Checks were ordered on the GTF on the Airbus AIR.PE plane last year following engine failures on aircraft operated by Lufthansa LHAG.DE subsidiary Swiss International Air Lines AG. SWIN.UL
Reuters reported last year that a U.S.-led investigation into a series of engine failures on the A220 was studying whether a software change allowed unexpected vibrations that tore parts and forced three emergency landings.
"We're going to have a software drop that comes out later this year that will automate everything and enable us to reduce or eliminate all the inspections that we're currently having to perform, but that again is pending regulatory approval," Graham Webb, vice president of Pratt & Whitney commercial engine programs, told Reuters.
"We're trying to bring it into April, so safe to say in the spring," he added.
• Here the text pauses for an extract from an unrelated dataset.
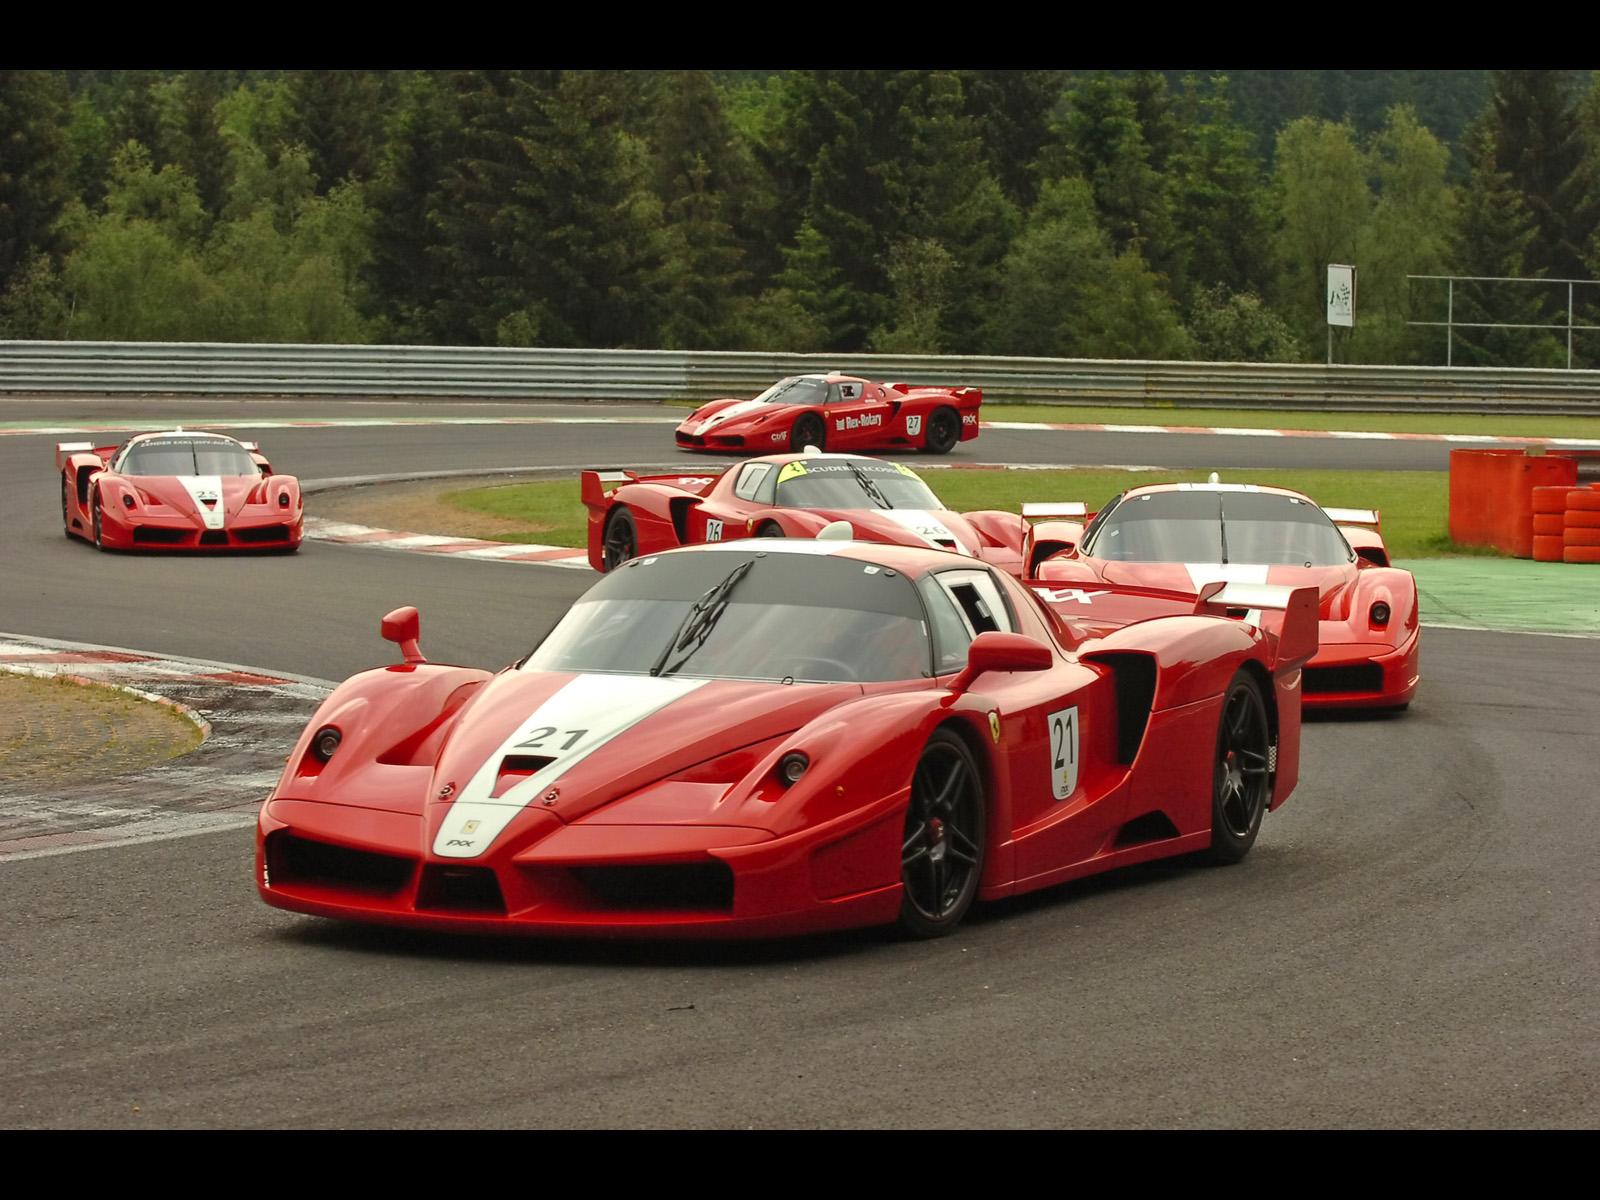 Best Wallpapers: Ferrari FXX Wallpapers

Neither the A220 plane nor the engine have been grounded but Airbus and Pratt & Whitney have told pilots not to push engines above 95% of their maximum thrust when flying above 29,000 feet - a demanding configuration currently required only by Swiss.
"It's a very strange and very complex issue that occurs at high altitude and high speeds," added Webb, who spoke on the sidelines of an Air Canada AC.TO event in Montreal.
Airbus Chief Commercial Officer Christian Scherer praised Pratt & Whitney for its quick moves to address problems with its GTF engines on both the A220 and A320 NEO family planes.
"That said, we are never satisfied," Scherer told Reuters on the sidelines of the same event. "We always want it quicker. We always want it better and we will continue to keep that pressure on."
Nobody was hurt in the three incidents, which all took place on the 750 km (470 miles) route between London and Geneva.
On modern aircraft, engine settings are controlled by engine manufacturer software that interprets pilot commands and tells the engines what to do. The Swiss problems first arose following a recent update of the software, Reuters previously reported.
(Reporting by Allison Lampert in Montreal Editing by Denny Thomas and Matthew Lewis)
((denny.thomas@thomsonreuters.com; +1 416 687 7697; Reuters Messaging: denny.thomas.thomsonreuters.com@reuters.net))
The views and opinions expressed herein are the views and opinions of the author and do not necessarily reflect those of Nasdaq, Inc.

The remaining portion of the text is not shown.